CD1a tetramers and dextramers stain T cells
After optimizing loading conditions based on pH, time, temperature and solvent variables (Supplemental Figure 1), we observed that DDM (1S3R) treated CD1a tetramers selectively stain T cells expressing the clonotypic TRBV3-1 TCR, but not other T cells (Figure 1c). T cells were not stained by CD1a tetramers that were not exposed to lipids or tetramers treated with the two non-antigenic DDMs that substantially mimic DDM (1S3R). Thus, tetramer staining was dependent on the structure of the added lipopeptide and was specific for the clonotypic TCR that defines CD8-2. These data established a working CD1a tetramer and strongly supported the model of direct binding of an αβ TCR to CD1a. To further increase the avidity of interaction we developed CD1a dextramers, which are composed of 10–14 CD1a monomers on a flexible, fluorescently labeled dextran backbone [17]. We observed bright, selective and highly reproducible staining of the TRBV3-1 subset of CD8-2 T cells (Fig. 1d) with DDM (1S3R) loaded dextramers. Thus, dextramers provided a second reagent for probing the interaction of CD1a with T cells.

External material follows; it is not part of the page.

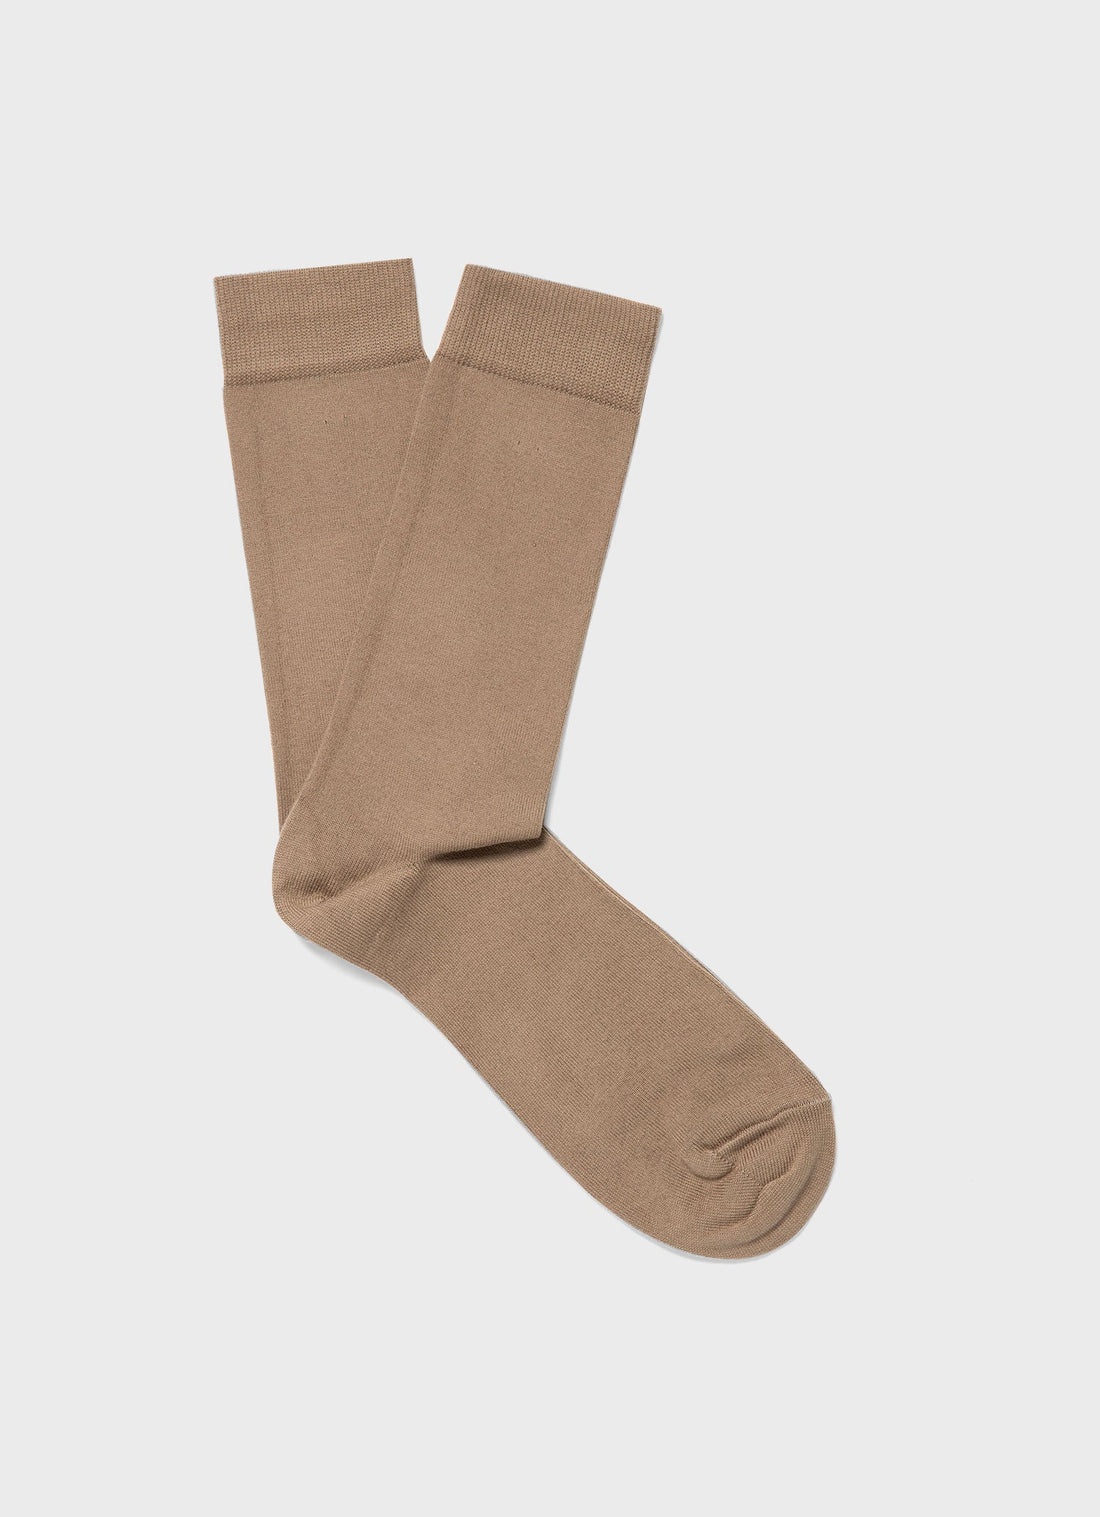 Men's Cotton Socks in Dark Stone

CD1a multimers bind to the αβ TCR
CD1a-DDM tetramer and dextramer binding to TRBV3-1+ T cells strongly implicated a cognate model in which a ternary interaction of CD1a-lipid binds to the TCR. We performed experiments to directly test binding between lipopeptide-CD1a complexes and the clonotypic human αβTCR versus all other surface receptors. Pre-incubation of dextramers with anti-CD1a antibody blocked staining to background (Figure 2a), confirming that staining was mediated by CD1a. We generated soluble TCRs containing the TCR α and β chains from CD8-2 (αβ heterodimers encoded by the TRAV3-1 and TRBV3-1 variable regions) or analogous constructs from the CD1b-restricted T cell LDN5 (composed of the TRAV17 and TRBV4-1 variable regions) (Figure 2b). Pre-incubation with soluble LDN5 TCR minimally impacted staining, whereas pre-incubation with soluble CD8-2 TCR blocked T cell staining to background levels (Figure 2c). Thus CD1a-DDM staining of cells is mediated by the αβ TCR.

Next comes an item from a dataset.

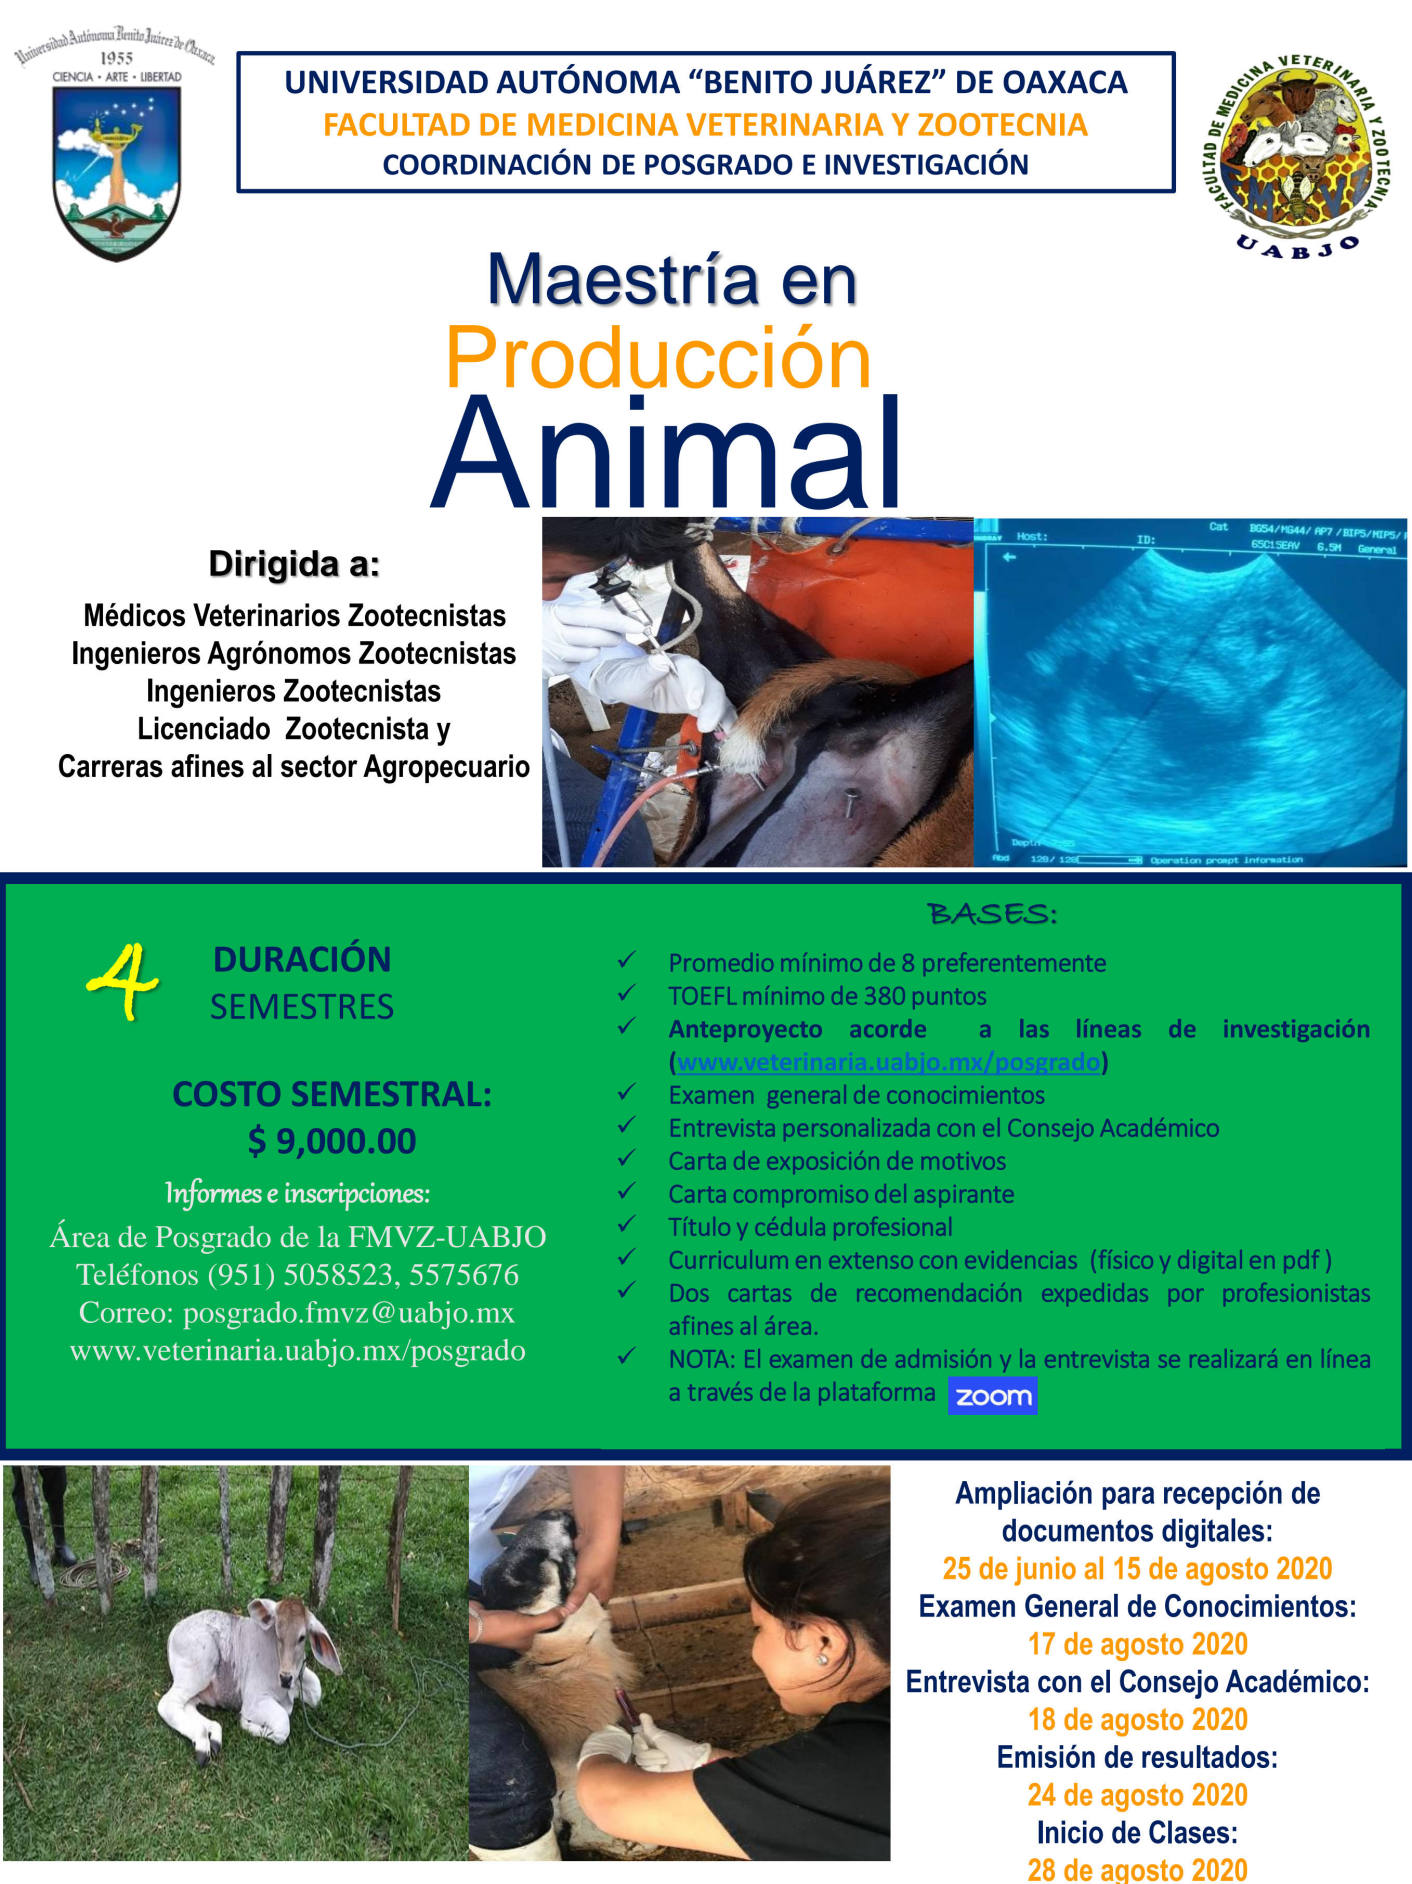 Oferta la UABJO Maestría en Producción Animal; Inscripciones abiertas hasta el 15 de agosto

Figure 2. Tetramer and dextramer staining demonstrates a trimolecular interaction among CD1a, dideoxymycobactin and the clonotypic TCR.
(a) The CD8-2 T cell line was stained with unloaded CD1a dextramers that were pre-incubated with isotype control antibody or anti-CD1a antibody (10µg/ml). (b) Soluble TCR α–chains with hexahistidine tags and β–chains with Strep-tag II were formed into soluble TCR dimers. (c) Loaded and unloaded tetramers were pre-incubated with 50-fold molar excess of soluble TCR. Data are representative of three or more experiments. (d) CD1a monomers were affixed to streptavidin-coated chips, loaded with dideoxymycobactin and then treated with soluble CD8-2 T cell receptors at the indicated concentrations to measure a dissociation constant of 95.78 +/− 13.51 µM. Data are representative of two experiments; error bars are shown for each data point (mean ± SEM).
We then measured the affinity of interaction between soluble-transmembrane truncated CD8-2 TCR and CD1a proteins alone, or pretreated with DDM using surface plasmon resonance (Figure 2d). No binding was seen to CD1a alone; the determined dissociation constant (KD) of 95.78+/−13.51 µM approximates that of weak self-antigens, (500µM). This affinity is significantly lower than that of TCRs recognizing α-galactosyl ceramide-CD1d (<1µM) and glucose monomycolate-CD1b (~1µM)[15]) but approximates the affinity of NKT TCRs recognizing β-linked glycolipids [21].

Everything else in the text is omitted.